- Born: 1948 La Grange, Kentucky, U.S.
- Died: December 3, 2013 (aged 64–65) Kentucky State Penitentiary, Eddyville, Kentucky, U.S.
- Convictions: First-degree manslaughter; Kidnapping; First-degree rape; First degree sodomy; Rape of a child under the age of 12; Being a persistent felony offender in the first degree;
- Criminal penalty: 300 years imprisonment

Details
- Victims: 4–6+
- Span of crimes: 1977–1990
- Country: United States
- State: Kentucky
- Date apprehended: For the final time on April 26, 1990

= James Ray Cable =

American serial killer and rapist (1948–2013)

James Ray Cable (1948 – December 3, 2013) was an American serial killer and rapist who, from 1977 to 1989, killed at least one man and three women in the state of Kentucky.

== First murder ==
Little is known about Cable's childhood. Born in La Grange, Kentucky in 1948, he was first arrested in 1971, on accusations of raping a 7-year-old girl in Owensboro. Later that year a jury convicted and sentenced him to life imprisonment. Just under a year later, on June 11, 1972, Cable escaped from the Kentucky State Reformatory but was caught later that same day, leading to his receiving an escape conviction.

In April 1977, 35-year-old Willie S. Daniels, who was serving a life sentence for manslaughter and two counts of robbery, was attacked by Cable in the prison's gym. Cable proceeded to strike Daniels with a steel rod across his head. Daniels was rushed to the prison's hospital where he died as a result of his injuries. Cable was convicted of first degree manslaughter the following year and had 10 years added to his sentence.

== Release and kidnapping conviction ==
Three years later, Cable was paroled. In 1983, Cable was returned to prison for violating his parole. He was once again released in early 1986. In 1988, he returned to prison for violating a court order prohibiting contact with his estranged wife.

On April 5, 1990, Cable, along with accomplice Phillip Clopton, kidnapped a 15-year-old Louisville girl. They drove her to a campsite deep into the woods, where they both raped her before tying her to a tree. Cable briefly left the area to meet with his parole officer while Clopton stayed. Over the next three weeks, both would continuously rape, whip, and assault the girl. On April 26, Clopton was alone with the girl but forgot to chain her up, leading to her stealing his gun, shooting and killing him, and running away. She escaped the woods and alerted authorities, leading to Cable's arrest.

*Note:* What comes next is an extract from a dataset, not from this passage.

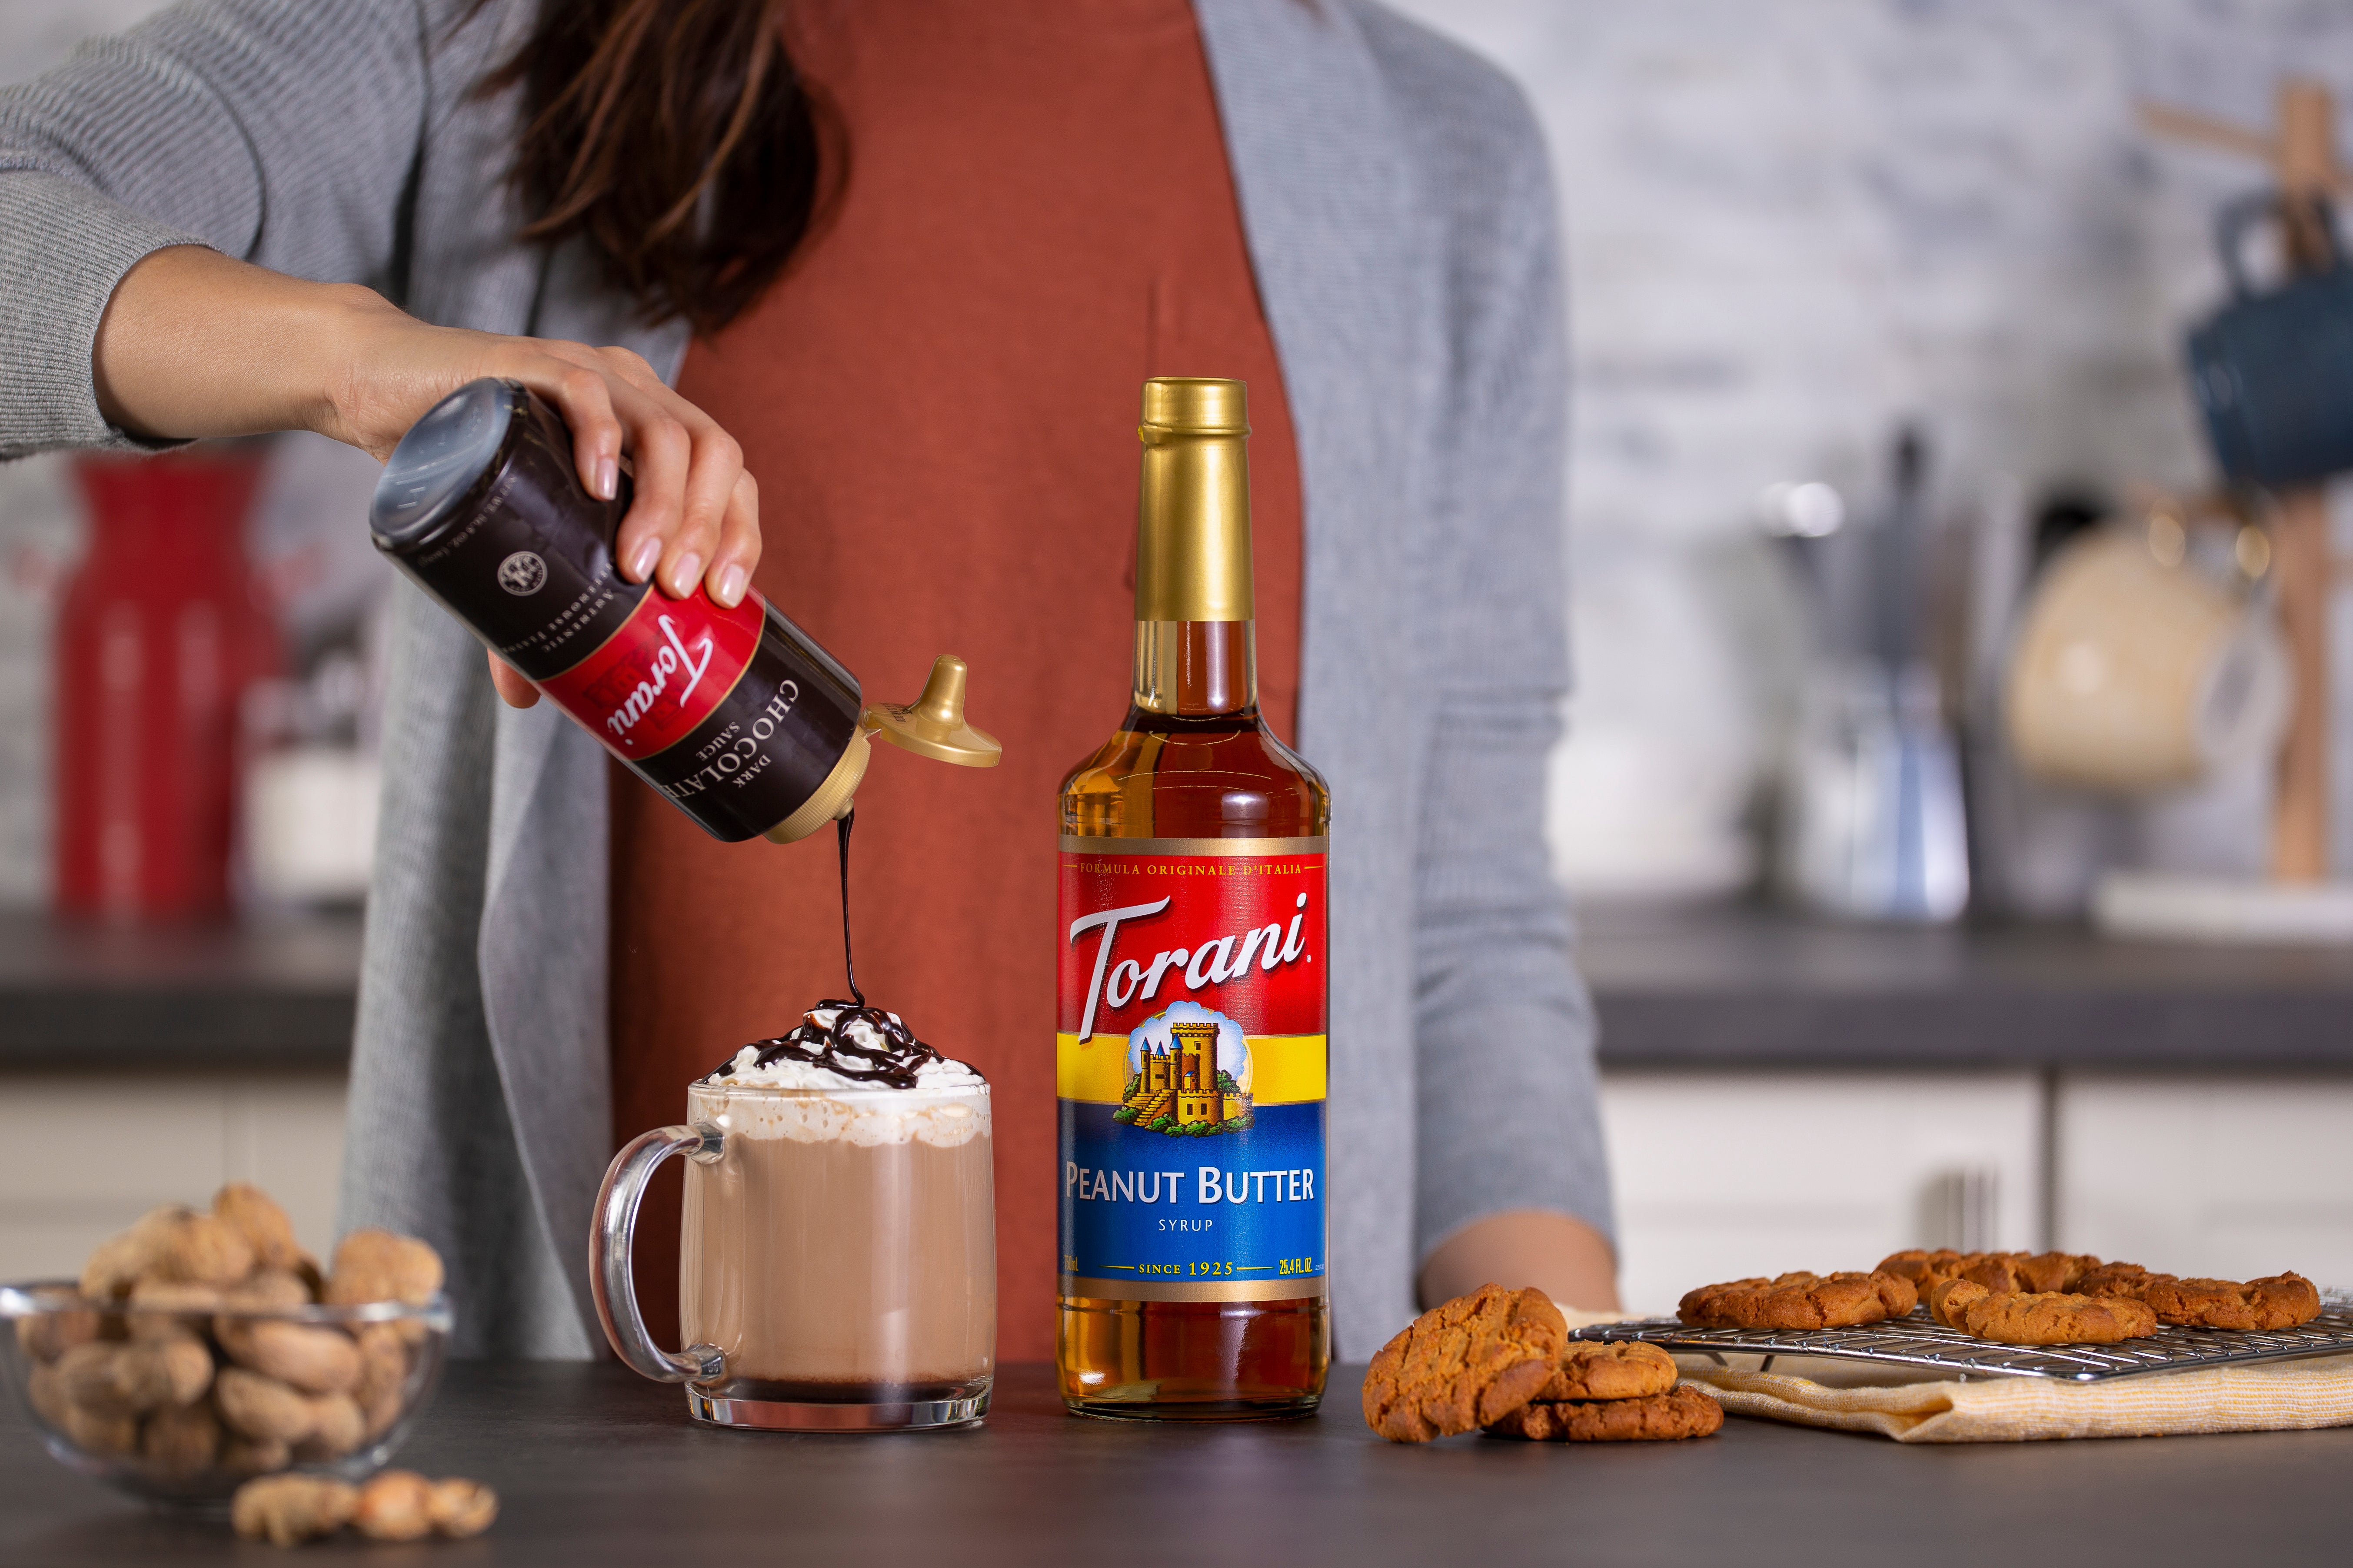 Original Coffee Syrup Favorites Variety 3-Pack – Torani Syrups

The girl told authorities that Cable and Clopton had confessed to killing teens Sherry Wilson and Bridgett Allen, both 14 and missing since January 25. After Clopton's death, his diary was searched, and it was found to contain evidence of Cable's confessing to him that he killed Helen Booth, 24, in 1989. It also linked Cable to a severed arm that had been found that March. At the time, Cable could not be conclusively linked to the murder; however, he was convicted and sentenced to 300 years in prison on the kidnapping and rape charges.

== Implication in other murders ==
In December 2003, DNA tests were carried out to attempt to link Cable to any unsolved crimes. When the tests were complete the following year, Cable was linked to, and subsequently charged with, three murders from the 1980s. The first of these to occur was Sandra Kellems, who, on June 8, 1982, was celebrating her 18th birthday. She decided to go to a friend's house in Owensboro but never arrived. The following day, her body was found under several trees and bushes. She had been sexually assaulted and killed by blows to the head with a brick. Her purse was not found in her possession. At the crime scene, police made plaster casts of footprints found in the area. The second of these was Oma Marie Bird, 26. On December 11, 1986, her body was found in an alleyway by two children walking to school. The final of these was the murder of Helen Booth, 24, a crime for which Cable had originally been considered a suspect. On May 11, 1989, her body was found in Riverside Park. Booth, who was pregnant, had been raped, gagged, and bludgeoned to death.

The Kellems and the Bird murder cases were reopened in 2001. Investigators in both cases began comparing notes and discovered that Cable had been in and out of prison during the time the murders were committed. Investigators began talking to him, collected his DNA, and matched it to that left at the crime scenes. Following this breakthrough, prosecutors sought the death penalty if Cable were to be convicted.

Cable was found competent to stand trial. However, in 2011, questions were raised about Cable receiving a death sentence due to his IQ of 70. He subsequently died in prison on December 3, 2013, before ever going to trial. He never confessed to the murders despite DNA evidence proving he was responsible beyond a reasonable doubt.